Cretins, we\’re surrounded by cretins.
There’s really only two problems with this idea.
1) It would not be the banks, not even the bankers, paying the RHT. There really is something called tax incidence, no, really, and it will be all consumers of financial prodcts that pay the tax. That’s us, the citizenry then.
Heck, one of the UK’s few Nobel Laureates, Sir James Mirrlees, has pointed out that trasnaction taxes are to be avoided anyway as they cascade through the economy.
2) Such transaction taxes will increase volatility, not decrease it. Sorry, but this is also true. Speculation, all those derivatives, they dampen price volatility, not increase it. Yes, I have read your reports and they’re all bollocks, you don’t know what you’re talking about.
So, let’s have an RHT so that we, us, can pay more taxes and so that we can have the financial markets gyrating ever more wildly.
Doesn’t sound so good now, does it?
They is stupid. The RHT is stupid.
The best kind of tax on banks is the bank asset tax (or the bank liability tax – both sides of balance sheet add up to the same figure, more or less). It’s better than RHT, corporation tax, bank bonus tax, anything, plus we already have it, at the ludicrously low rate of 0.075% something like 1% seems a bit more like it.
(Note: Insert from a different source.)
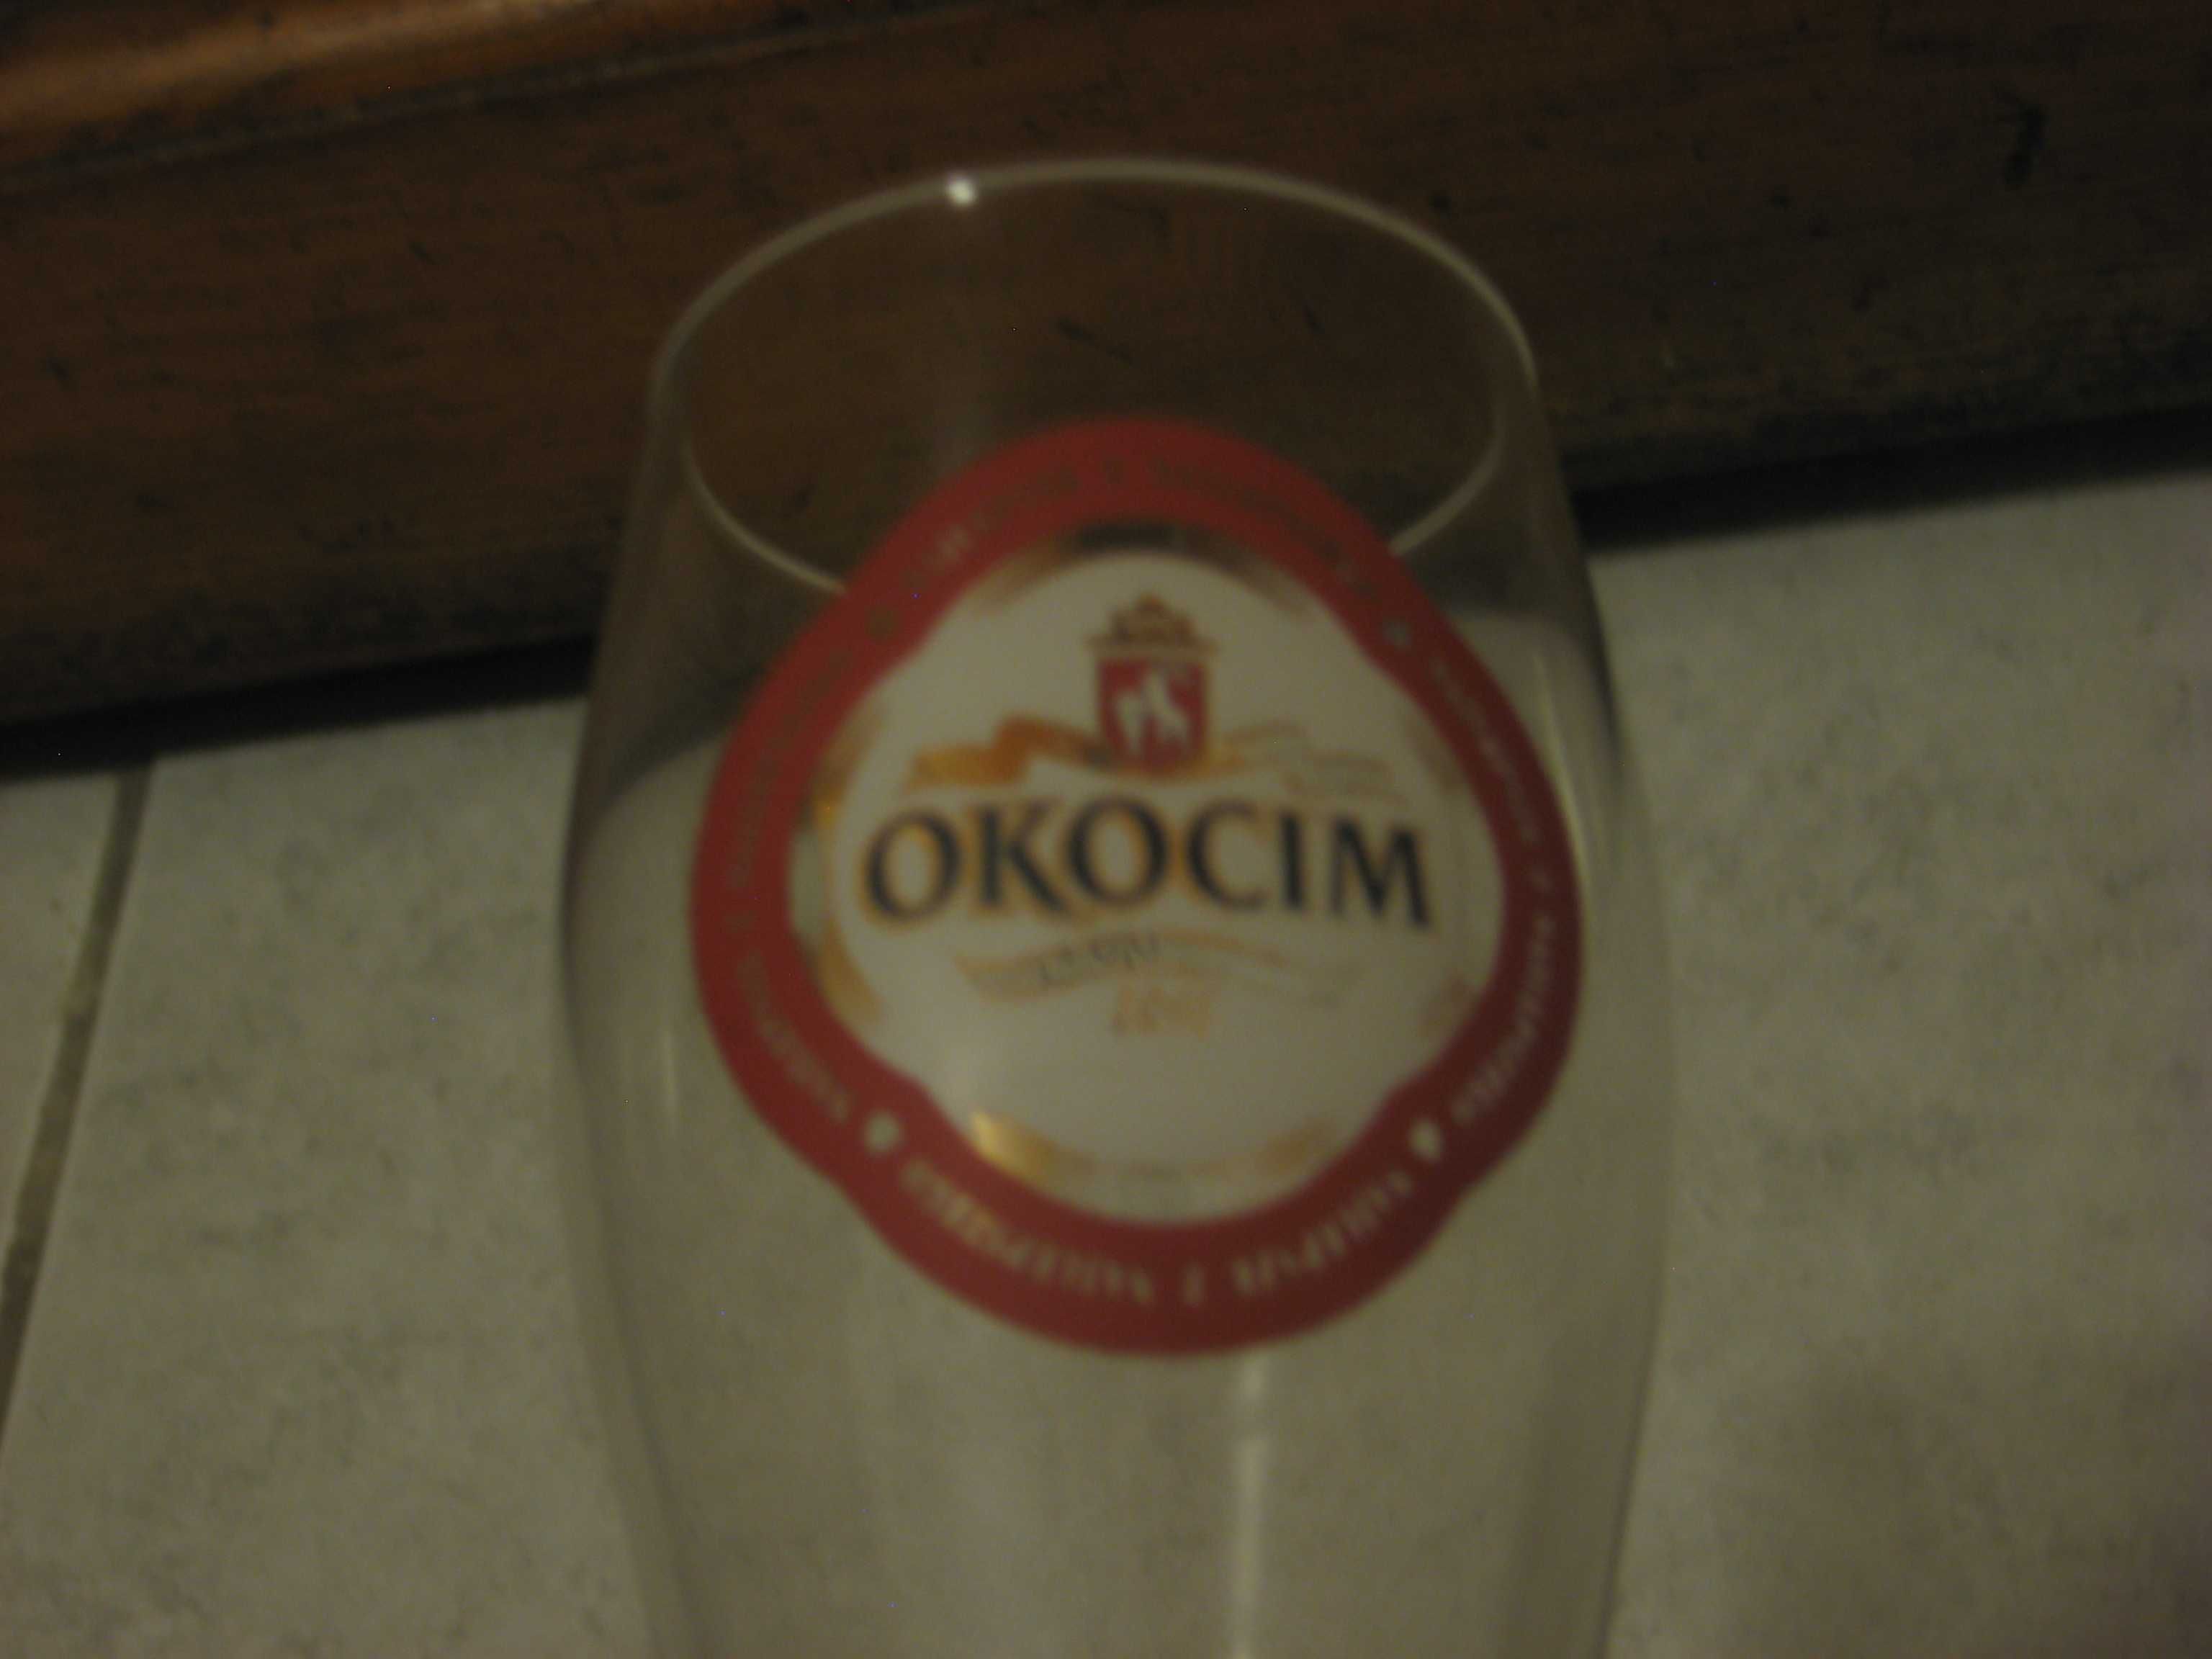 Szklanka Okocim kolekcjonerska ozdobna kolekcja kufel nietypowa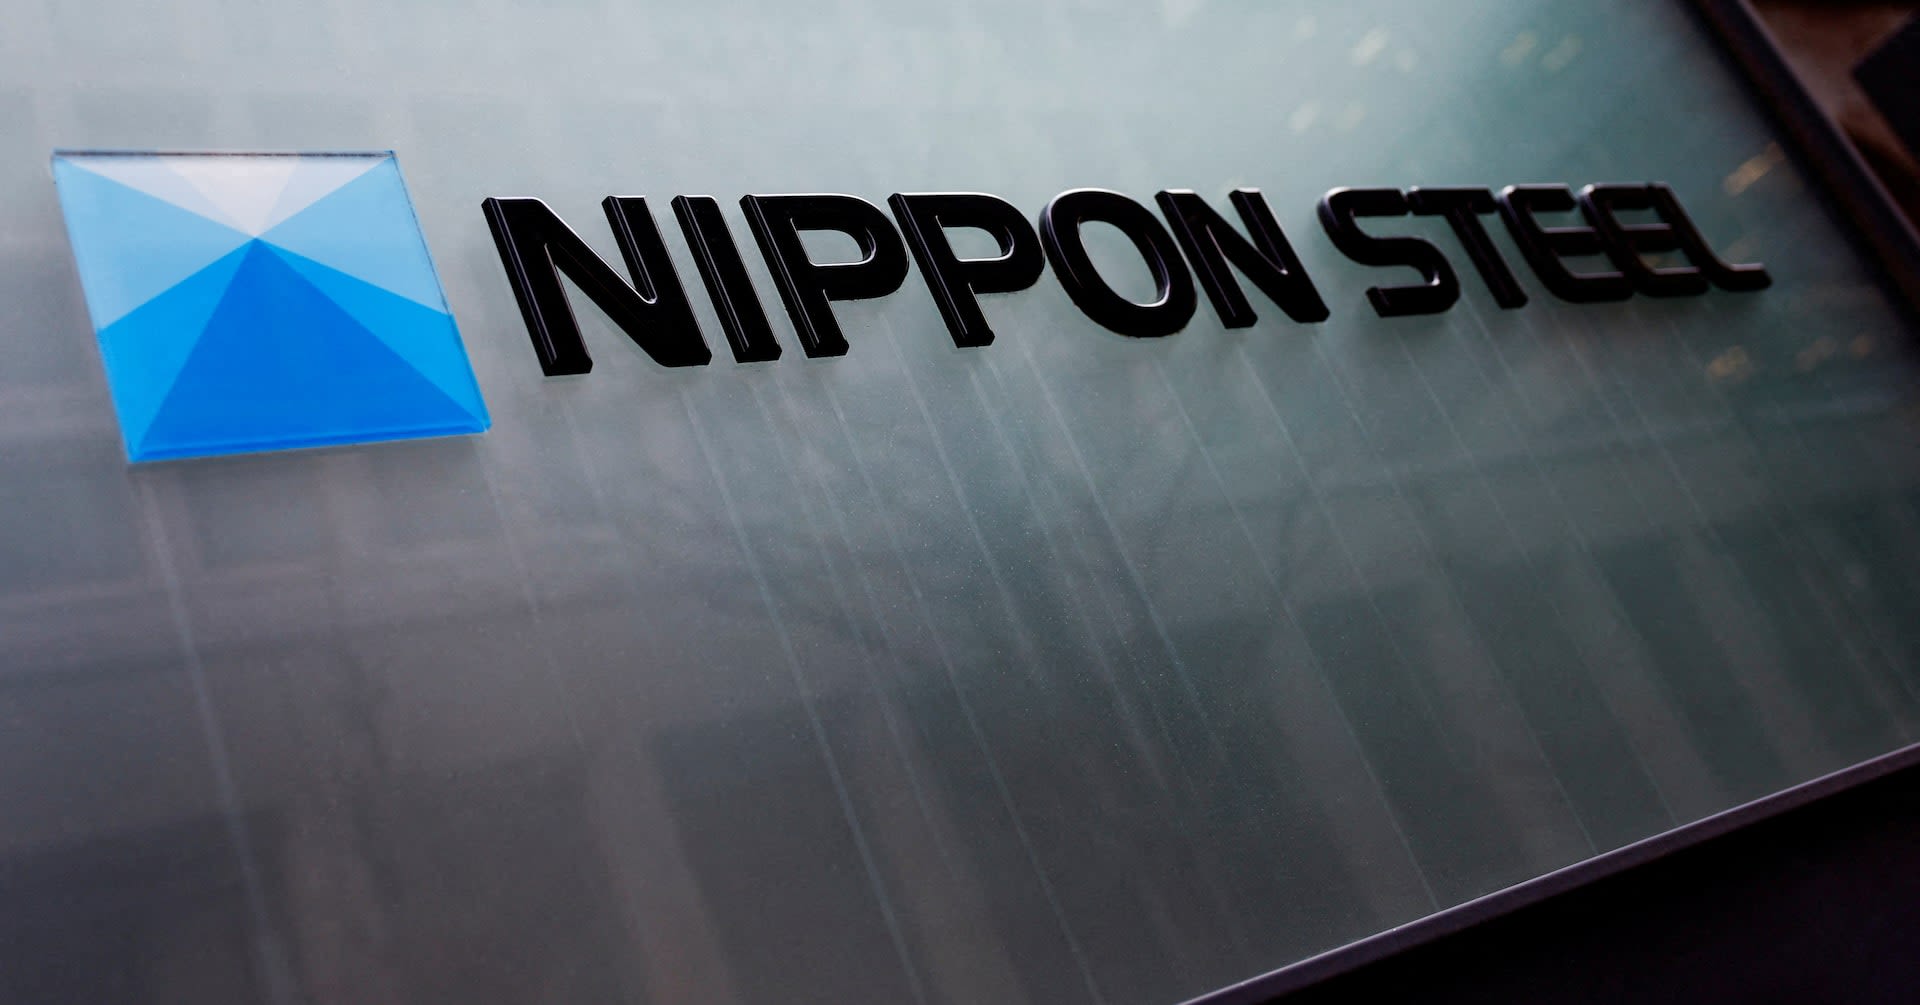 Japan's Nippon Steel raises full-year profit forecast, confident on U.S. Steel deal

Clearly, the bank levy or bank asset tax should only be applied to UK assets (or liabilities), then it’s like LVT for banks. Problem solved.
Keep up the good work Tim Worstall. I saw your post yesterday on the cretin’s website that you refer to, but they are afraid to post my opposing opinion.
The absurd Robin Hood Tax, Tobin Tax, or Financial Transaction Tax would stop most of the actual activity of the financial industry. The industry is based on making transactions. The entire economy is based on making financial transactions. Everyone’s job depends on these transactions.
Can you believe the madness? The cost of the tax on any transaction is greater than the profit. If the increased costs of the tax cannot be entirely passed on to the consumer, they will leave and seek markets to the East or go out of business.
As you know about Sweden’s experiment with a short-lived, broad-based and comprehensive transaction tax, government bonds for example had a rate of only 0.03 percent. Trading of bonds fell 85 percent the first week, bond futures trading dropped 98 percent, bond options stopped trading entirely. The Swedish government could not raise money from selling bonds. The government had predicted revenue from bonds alone would raise 1.5 billion kroner. They got just over 3 percent of that. Considering the loss of other types of tax revenue because of the tremendous drop in financial, economic activity and job losses, the actual total tax revenue from all financial instruments was negative.
Some light relief perhaps before filthy bourgeois work on Monday 😉 Sing to the tune of the old USSR anthem.
All together now!
We give ourselves to glorious leader,
He is almighty
We give our wallets and our first born,
For he is glorious leader
Down with the right they hate your soul,
They kill panda’s for fun
Hail glorious leader,
For he will kill the Bourgeois scum.